*** Supplied records ***

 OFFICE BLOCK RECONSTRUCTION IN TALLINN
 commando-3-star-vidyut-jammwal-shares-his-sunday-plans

*** End of Supplied records ***
*** Supplied records ***

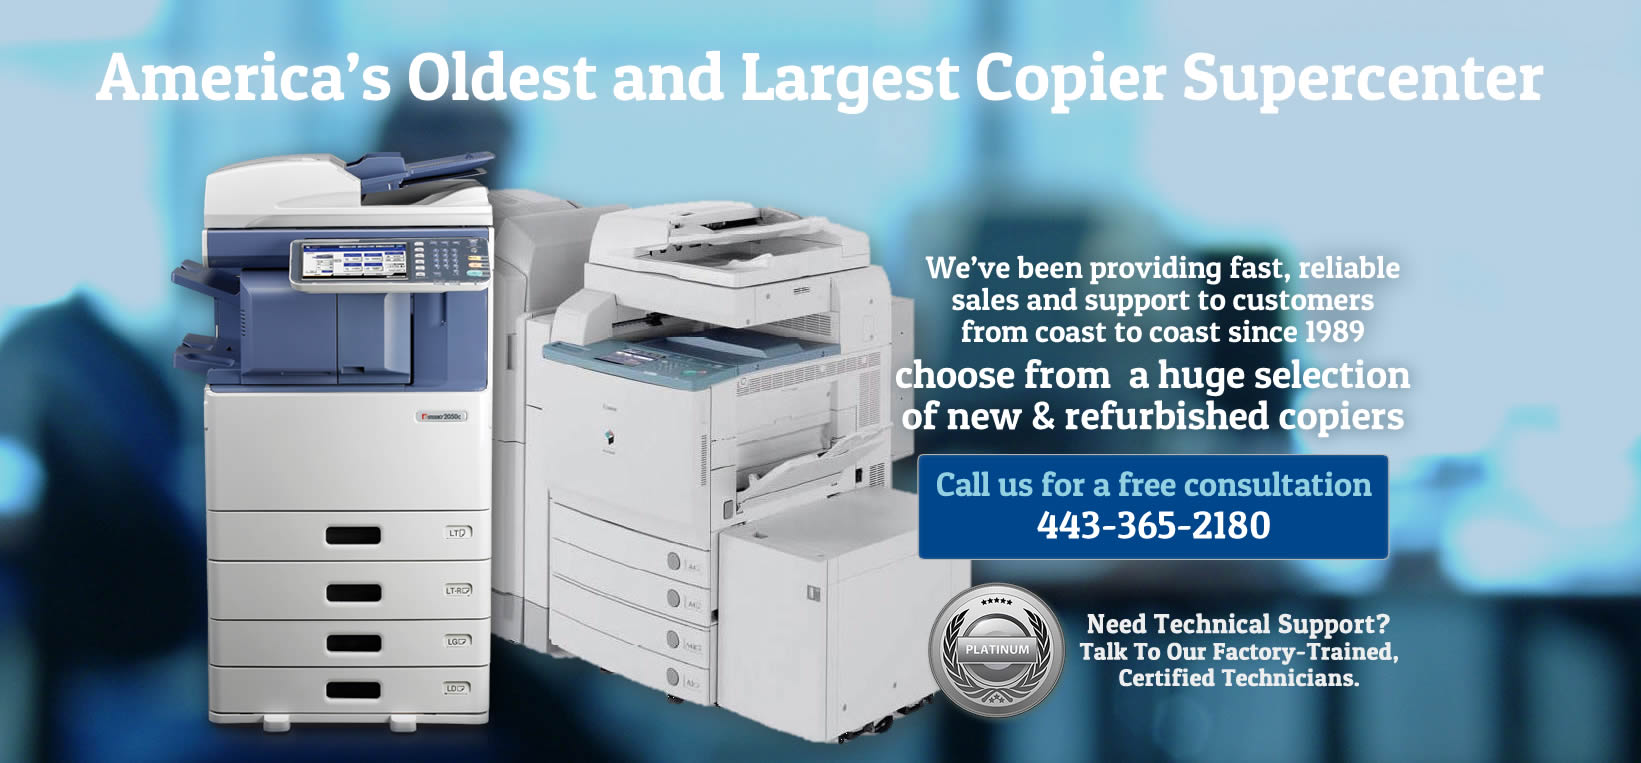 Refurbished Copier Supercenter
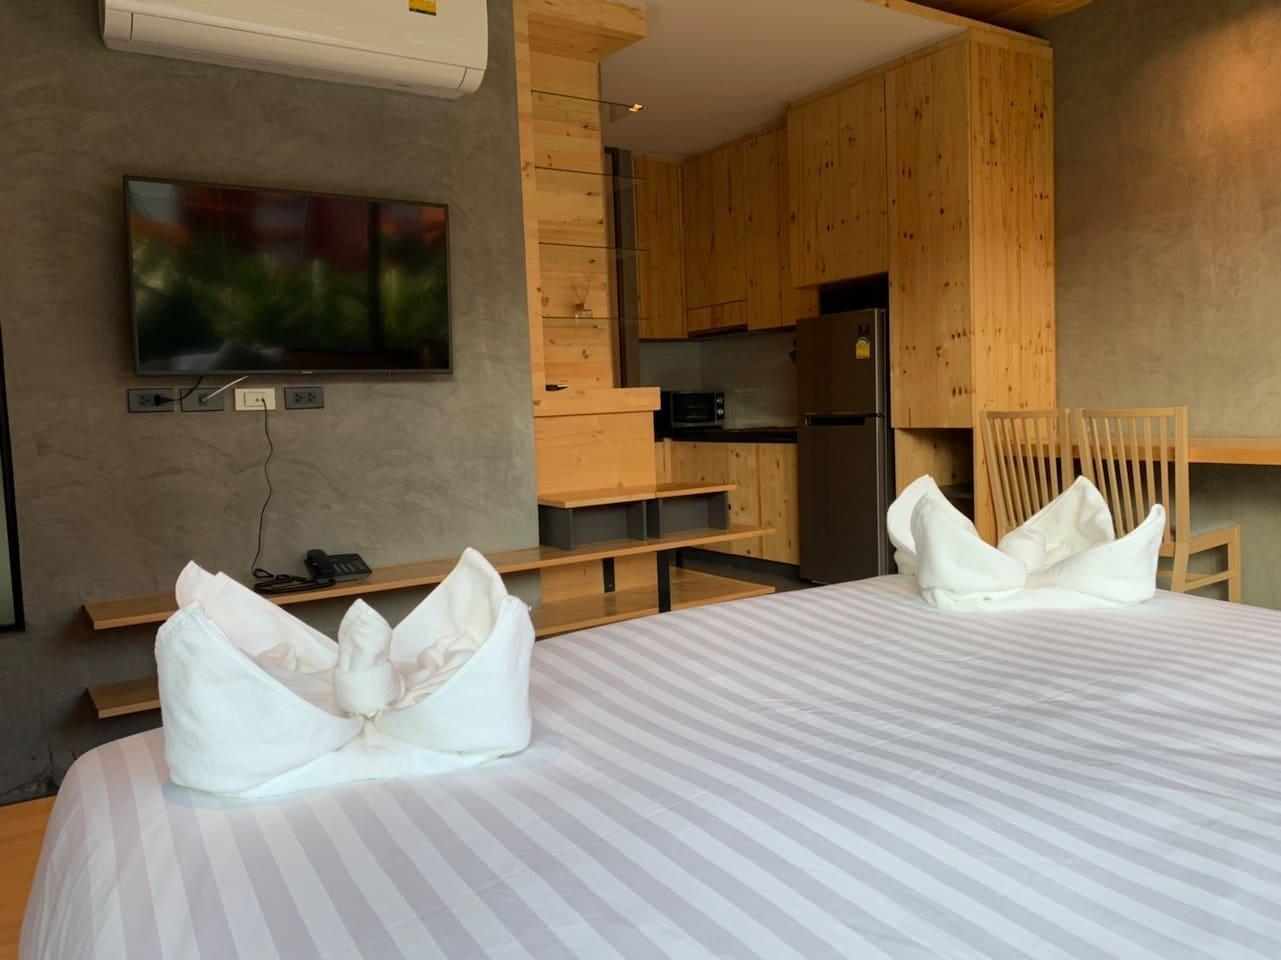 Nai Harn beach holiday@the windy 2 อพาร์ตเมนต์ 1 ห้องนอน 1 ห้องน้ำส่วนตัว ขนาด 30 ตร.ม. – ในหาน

*** End of Supplied records ***

- [Required work] Would you print exactly, and only, the lines of the data above from the line with "OFFICE BLOCK RECONSTRUCTION IN TALLINN" through the line with "commando-3-star-vidyut-jammwal-shares-his-sunday-plans", inclusive?

- [Exercise solution]
 OFFICE BLOCK RECONSTRUCTION IN TALLINN
 commando-3-star-vidyut-jammwal-shares-his-sunday-plans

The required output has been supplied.